Invasive mosquito species are unlike the majority of invasive species in that they have the potential to alter vector-borne disease cycles (Juliano and Lounibos 2005). They may do this either directly by vectoring the disease or indirectly through competition with native disease-carrying mosquitoes (Bevins 2008). In the United States many other disease vectors such as Ae. triseriatus, Cx. pipiens, and Cx. restuans occur in containers with Ae. j. japonicus. Competition for food and spatial resources in container habitats is often severe because of the discrete nature of the habitats and the limited amount of microbial food resources available. Autocthonous primary production and algal cells in particular are understudied components of the microbial food base in container habitats and this study addressed their potential role in influencing the local distribution of Ae. j. japonicus.

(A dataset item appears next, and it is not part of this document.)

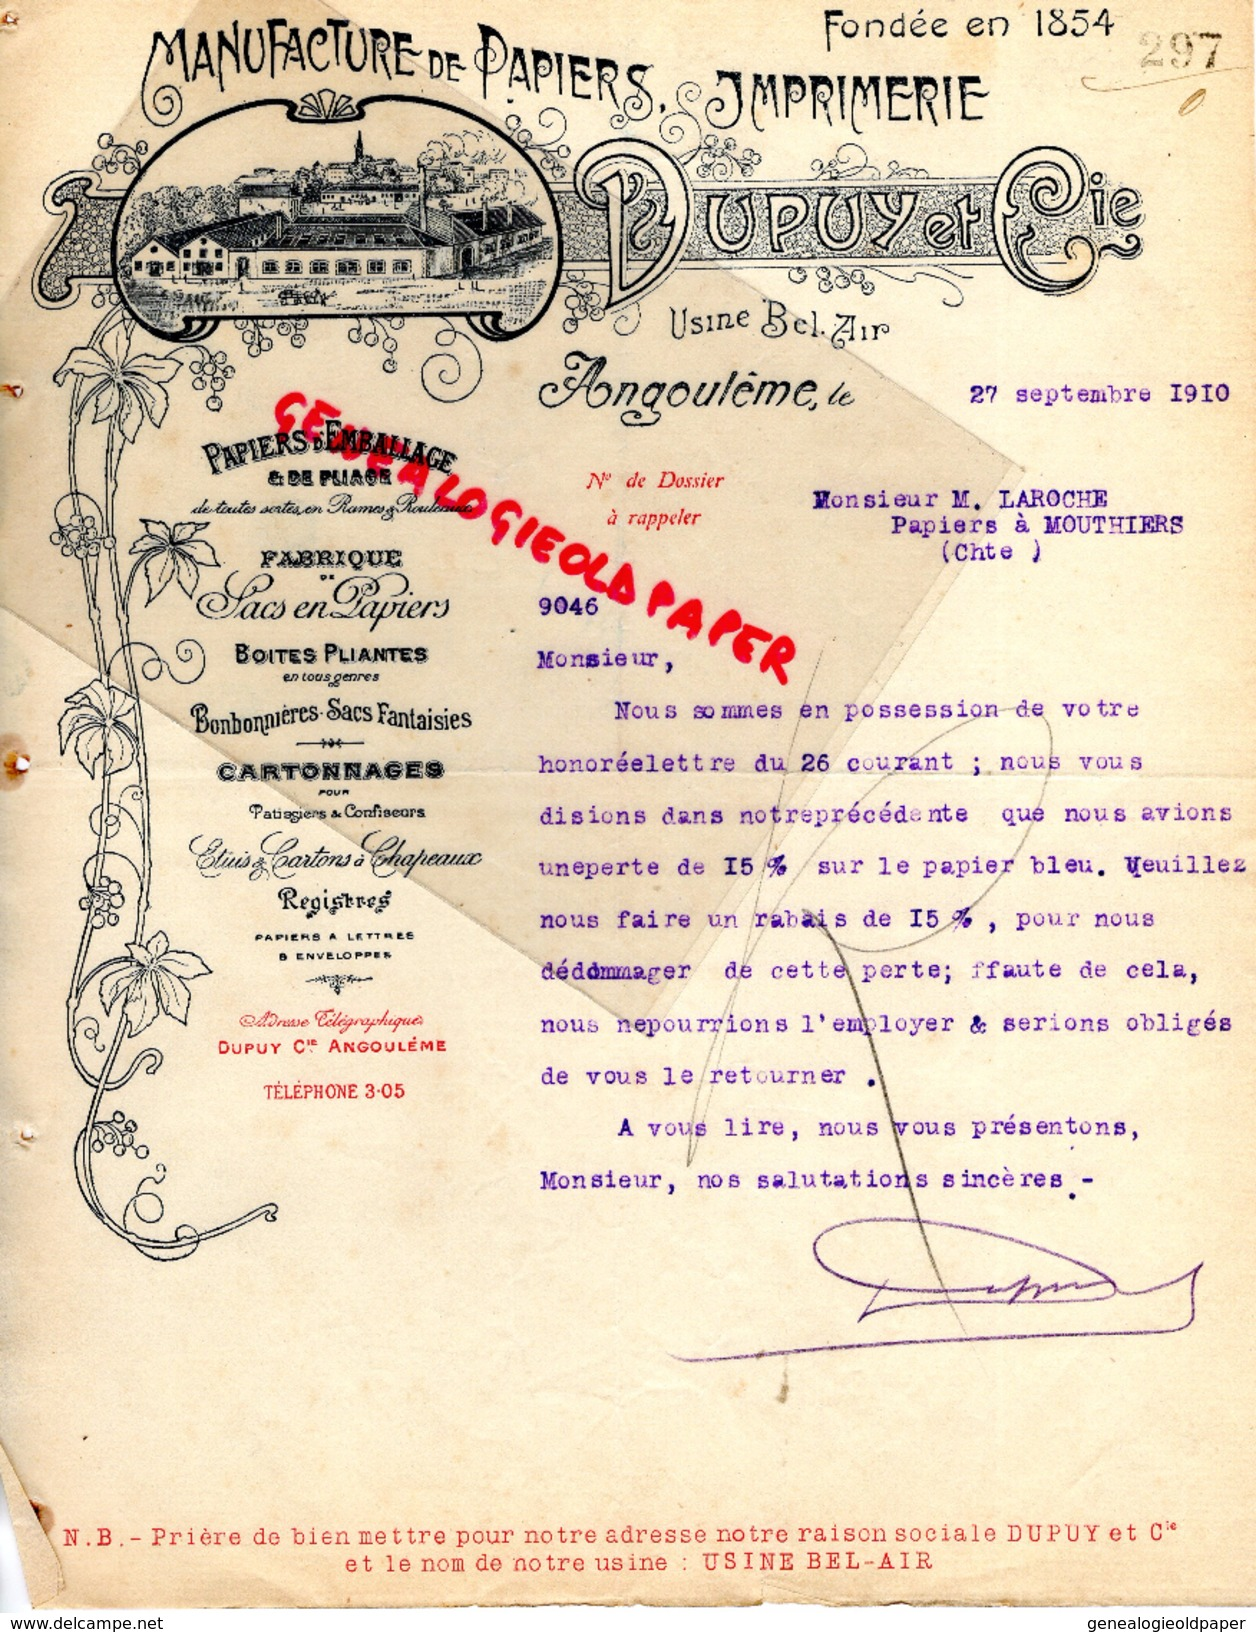 16 - ANGOULEME - FACTURE MANUFACTURE PAPIERS PAPETERIE IMPRIMERIE-DUPUY -USNE BEL AIR- 1910 M. LAROCHE A MOUTHIERS - Papeterie

Within an area, the distribution of larvae of a given mosquito species is determined largely by oviposition habits of gravid females. These oviposition preferences are also important in determining larval developmental success (Blaustein and Kotler 1993). In container habitats that are exposed to sunlight, primary production in the form of algal biomass and associated increases in other microbial groups may enhance food levels and lessen the stresses of resource competition. Algae are known to be important food resources during the larval phase for some species (Merritt et al. 1992, Kaufman et al. 2006), but have received little attention in studies of container breeders. In both field and laboratory experiments, Ae. j. japonicus have been found to emerge sooner and in higher numbers from microcosms with abundant algal growth compared with microcosms with little algal growth (Lorenz 2012).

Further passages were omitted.